Он запихал в свой рюкзак и средства личной гигиены, и писульку. Я начал было нести что-то без малого восьми штуках, осевших в нашем общем кармане, и плюс ещё о тысяче двухстах баксов, которые с мы отберём у зарвавшегося Бенни Дераада, и о том, что у нас же теперь не тот уровень. Чикатило слушать меня не хотел.

– Вот это, – потряс он писулькой у меня перед глазами, – вот это – как раз то, что к смене уровня не имеет никакого отношения. Оно существует на прямых, безнадёжно параллельных этому. Эти понятия не-ре-ле-вант-ны.

Я понял, что Чик пьян, как водитель грузовика в пятницу вечером. Тогда и была, кстати, пятница, вечер – поэтому мы переоделись, подхватили внизу заждавшуюся Илону и двинулись в загул по вечерней Москве. В «Красных столах» мы подцепили кучу раздолбаев и тут же пропили первый стольник из без-малого-восьми-штукарей – это становилось опасным, и было решено скинуть мне все деньги и отправить меня домой, от греха подальше. Честное слово – если бы я не пожертвовал тогда собой, мы бы повели весь сброд в ресторан «Прага» и оставили там всё до последнего цента.

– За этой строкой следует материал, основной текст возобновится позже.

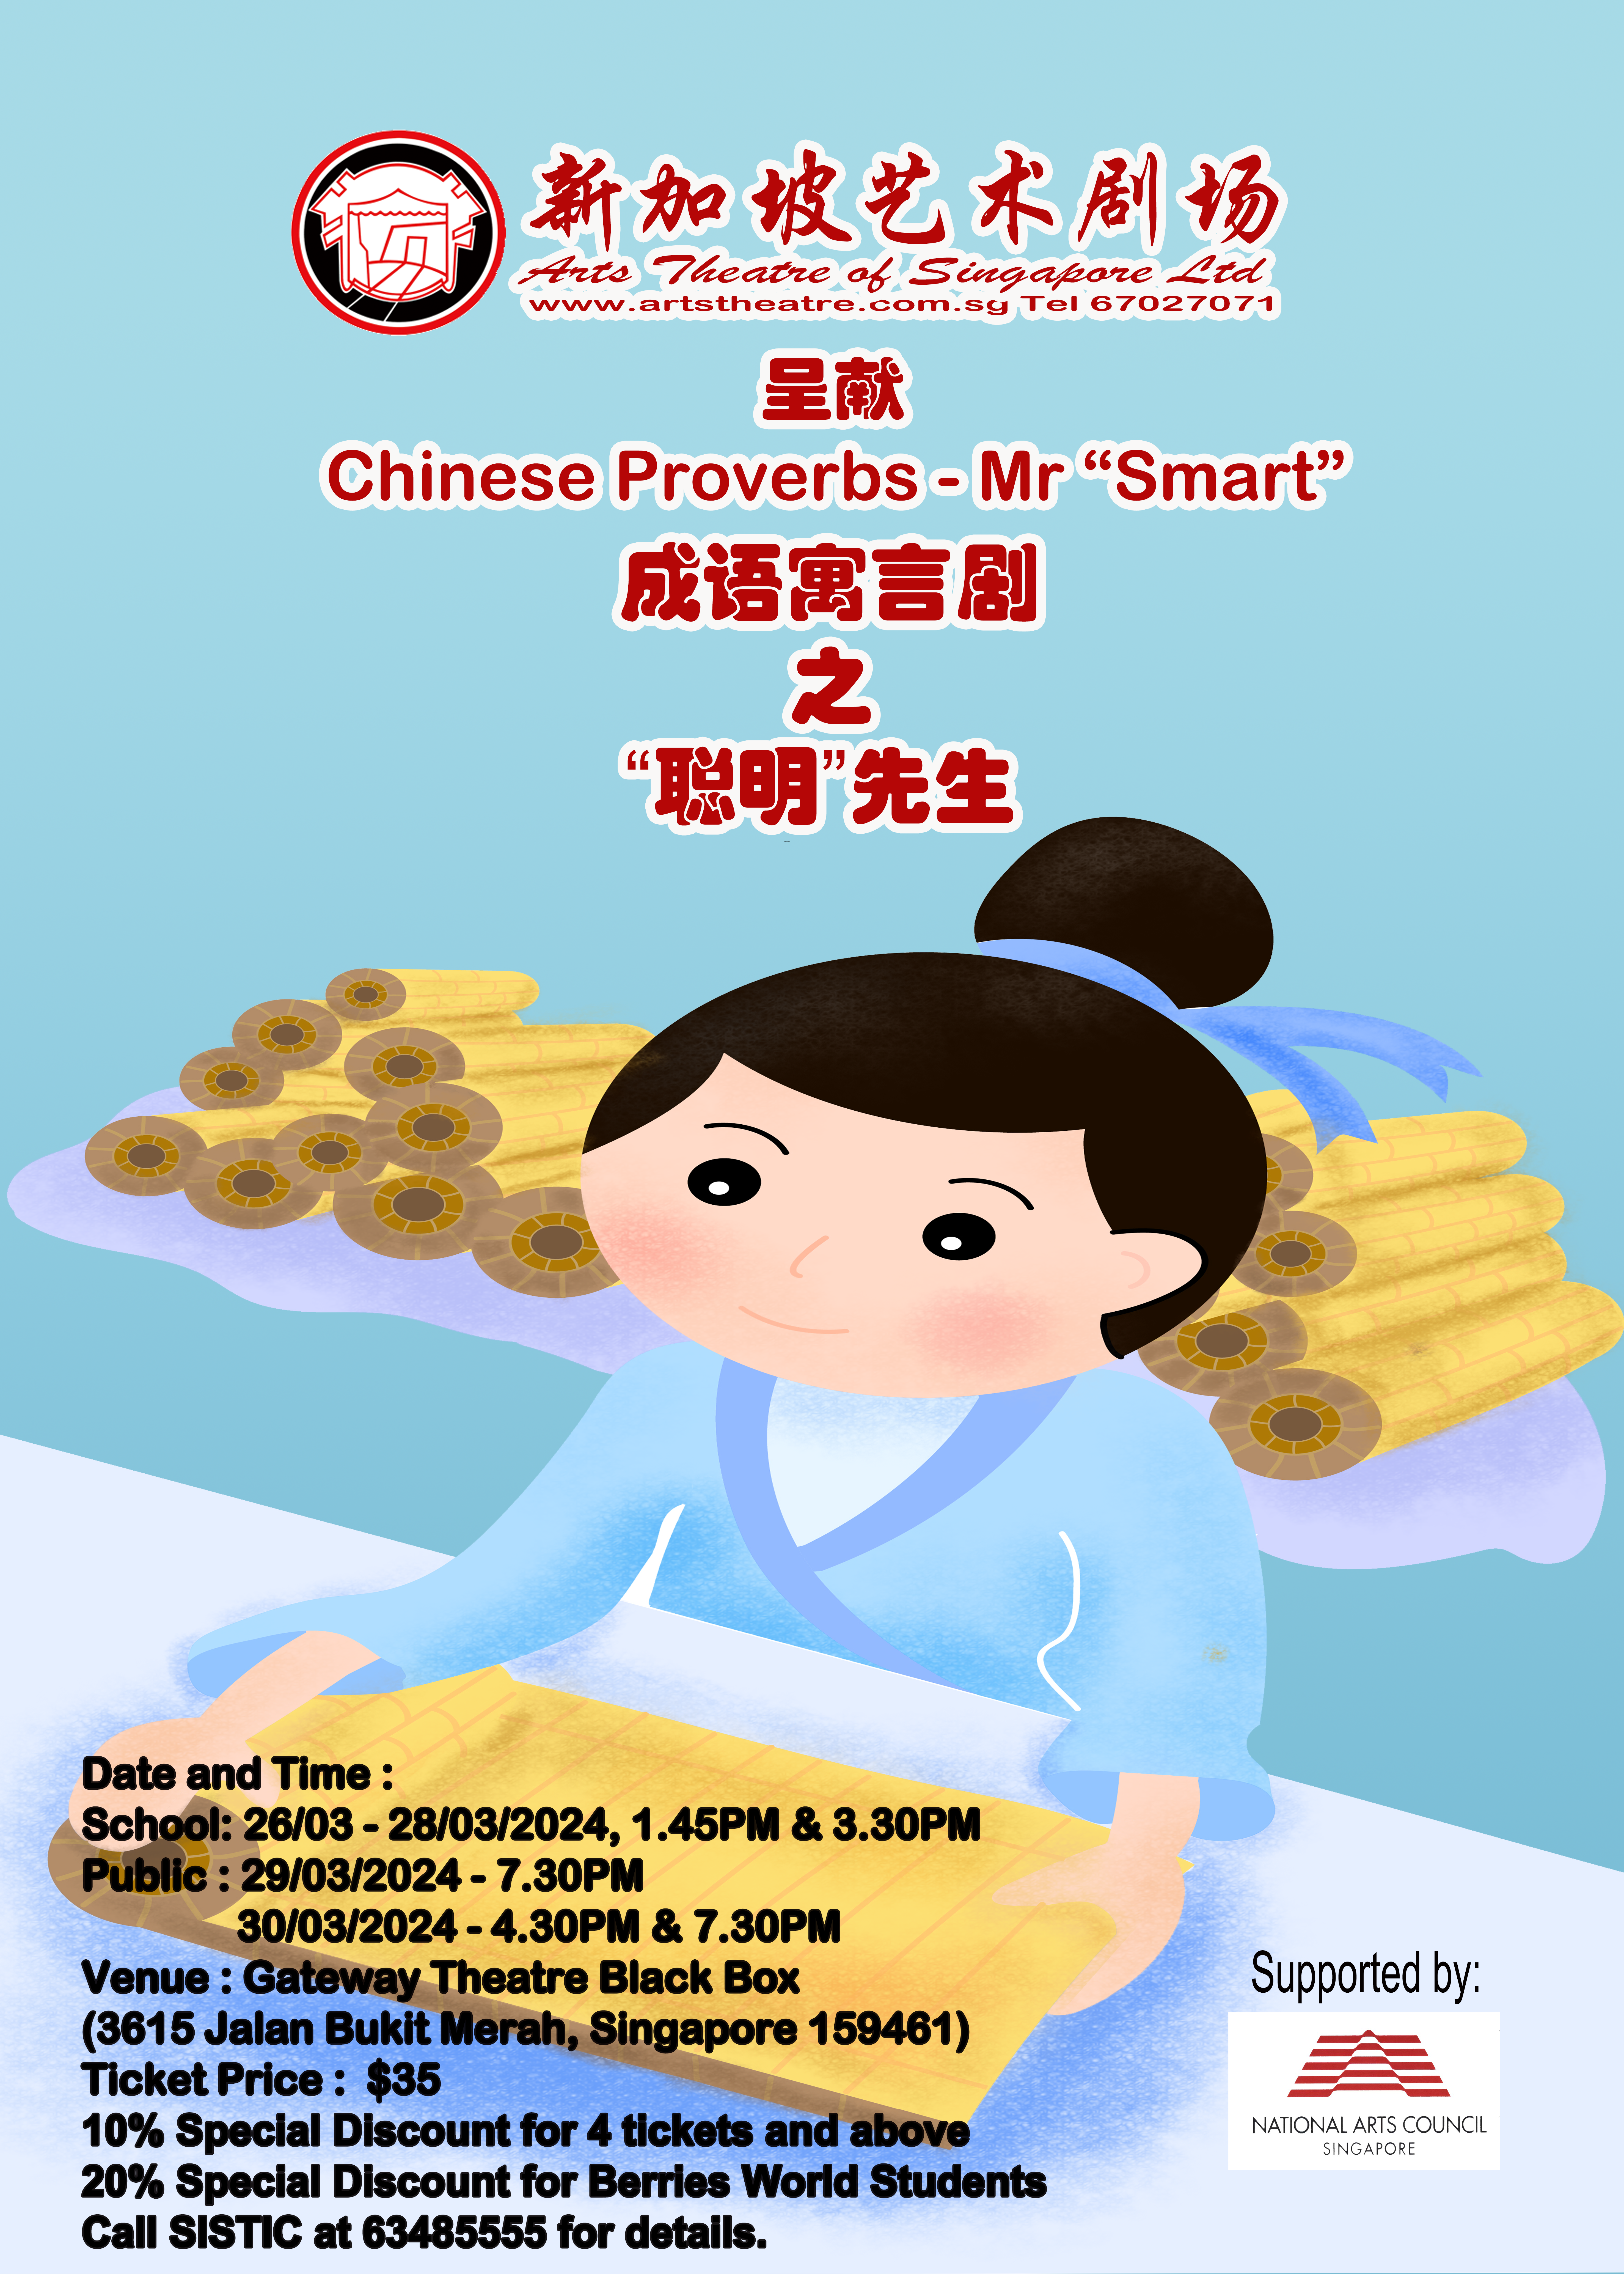 Chinese Proverbs - Mr "Smart"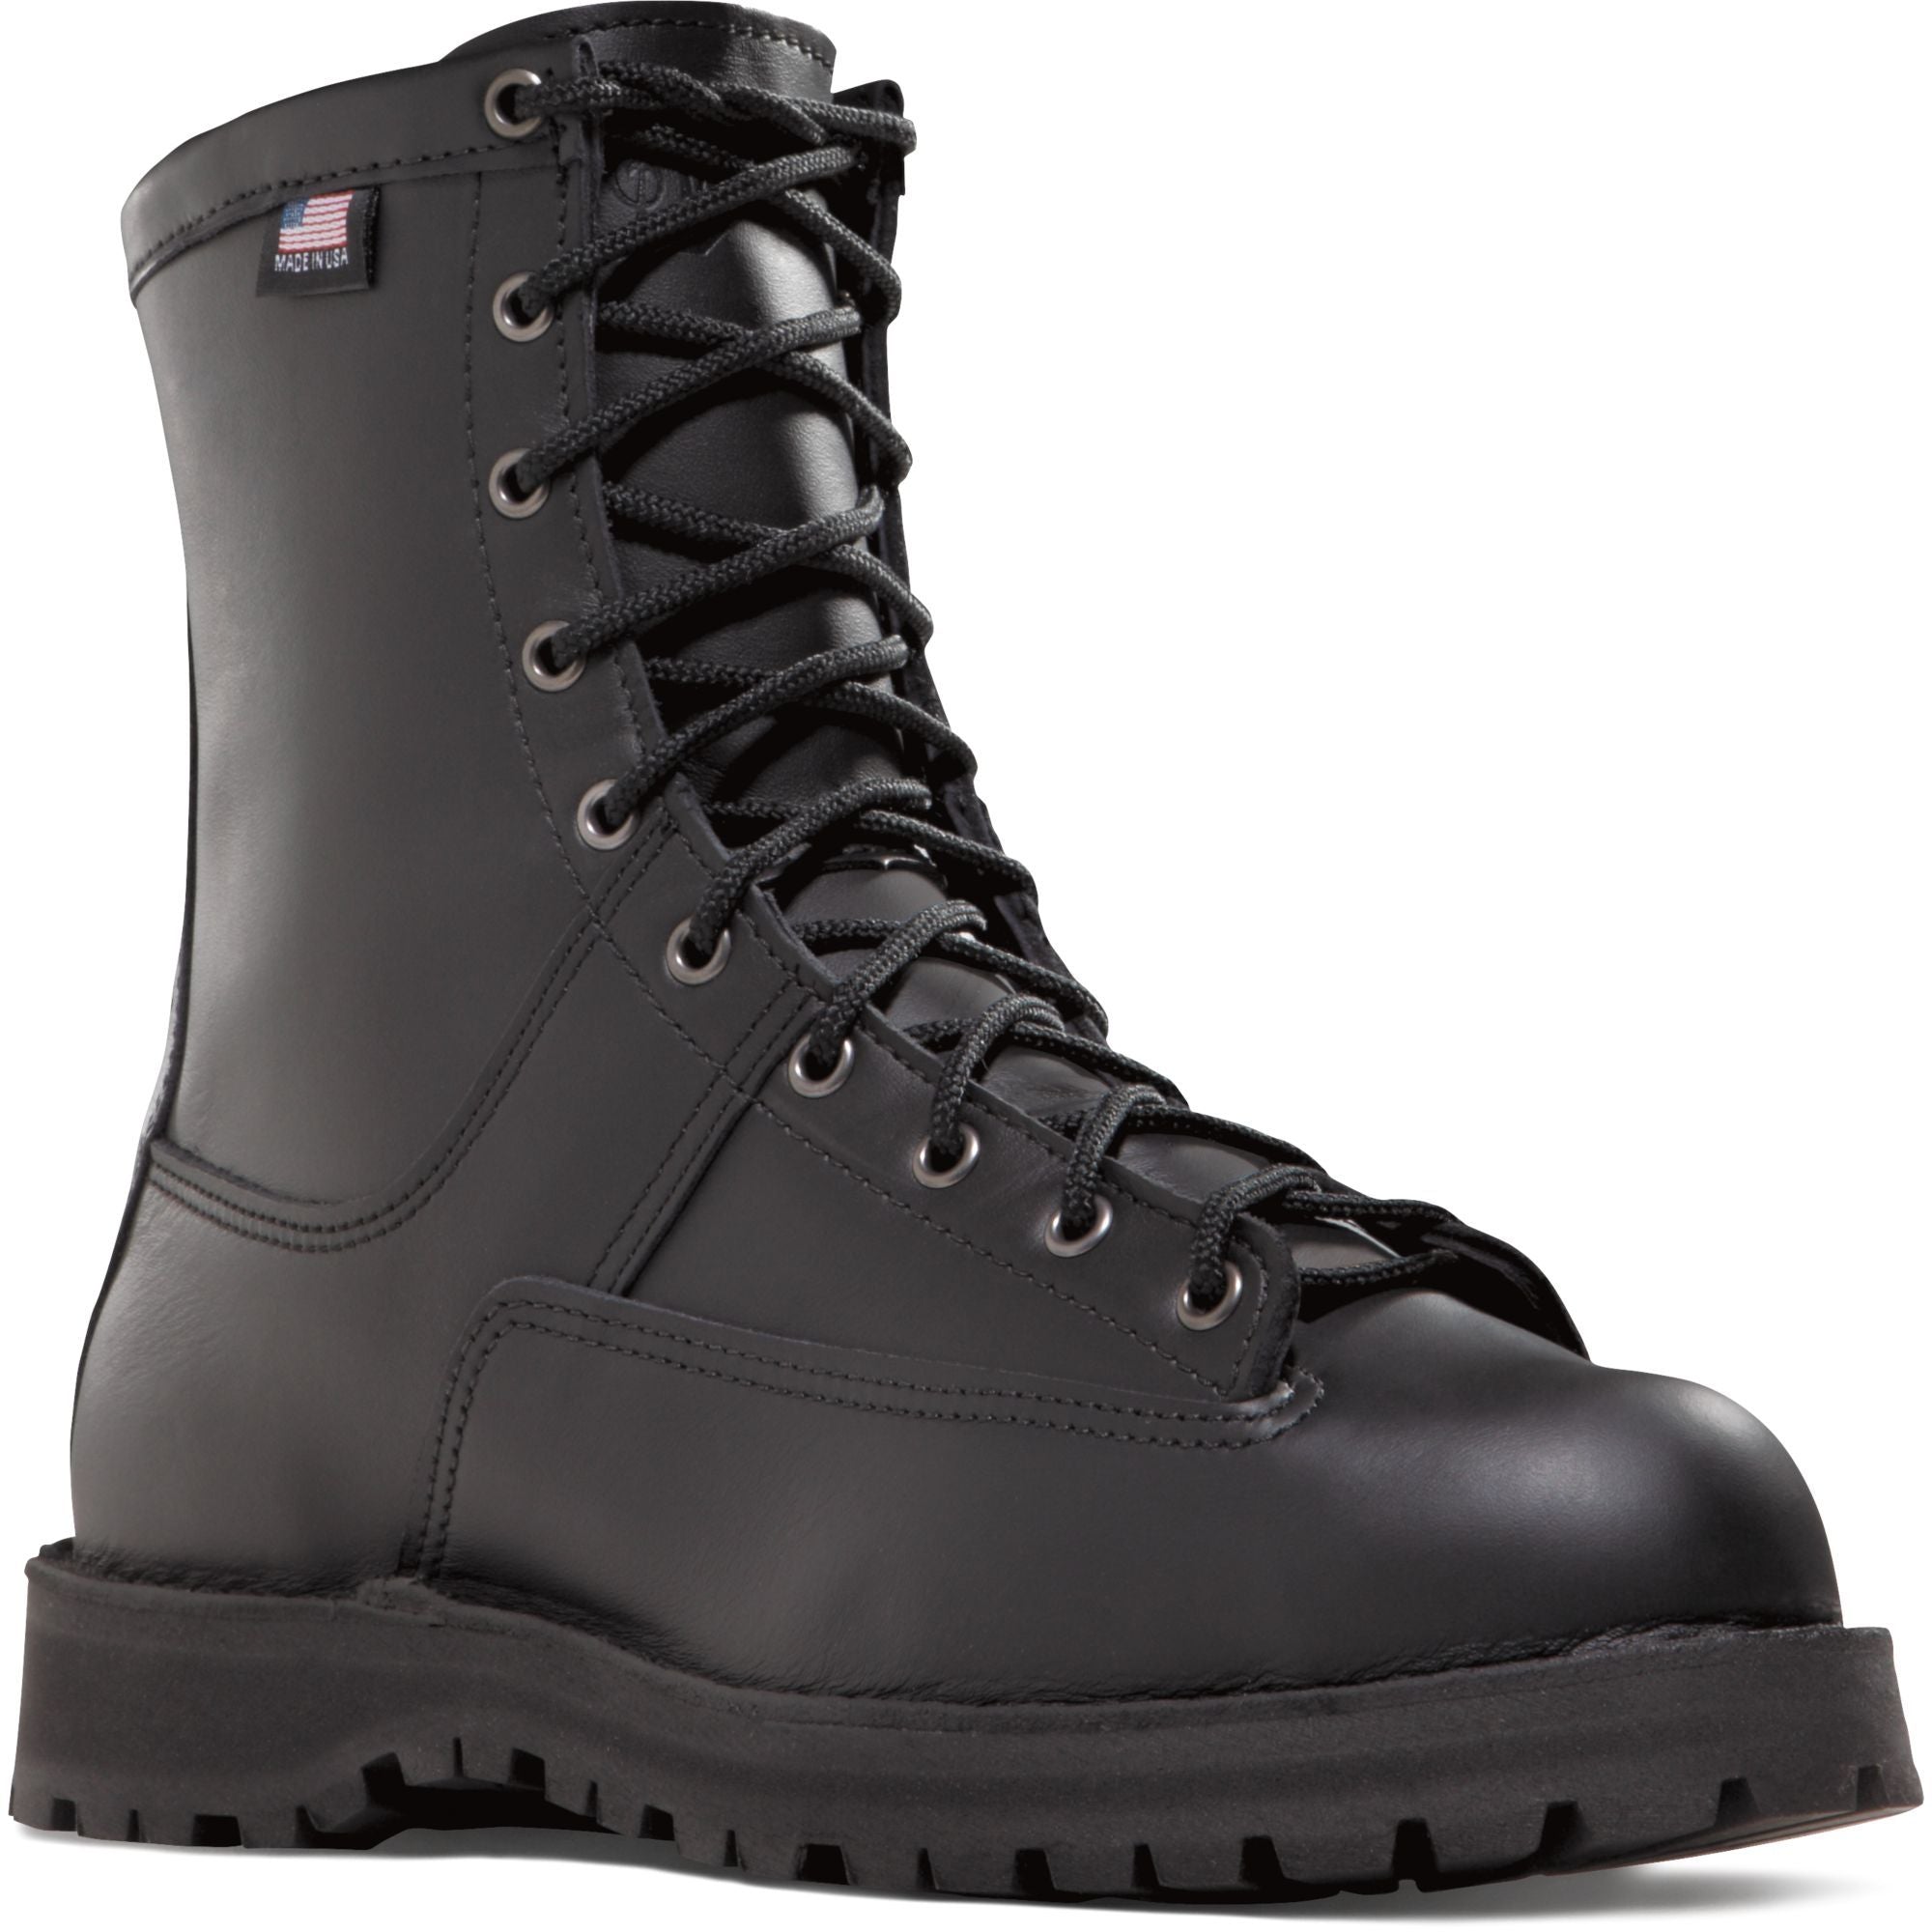 Danner Men's Recon USA Made 8" Insulated WP Duty Boot - Black - 69410 7 / Medium / Black - Overlook Boots

Всё было как всегда: тёплый асфальт, пьяный Алкоголист, красные столы и засосы – от хорошего – под ложечкой. Всё, кроме того, что это происходило в последний раз. И мы оба об этом знали – это было так же определённо, как то, что той ночью Чикатило должен был наконец откатать свою (теперь уже бывшую) секретаршу Илону.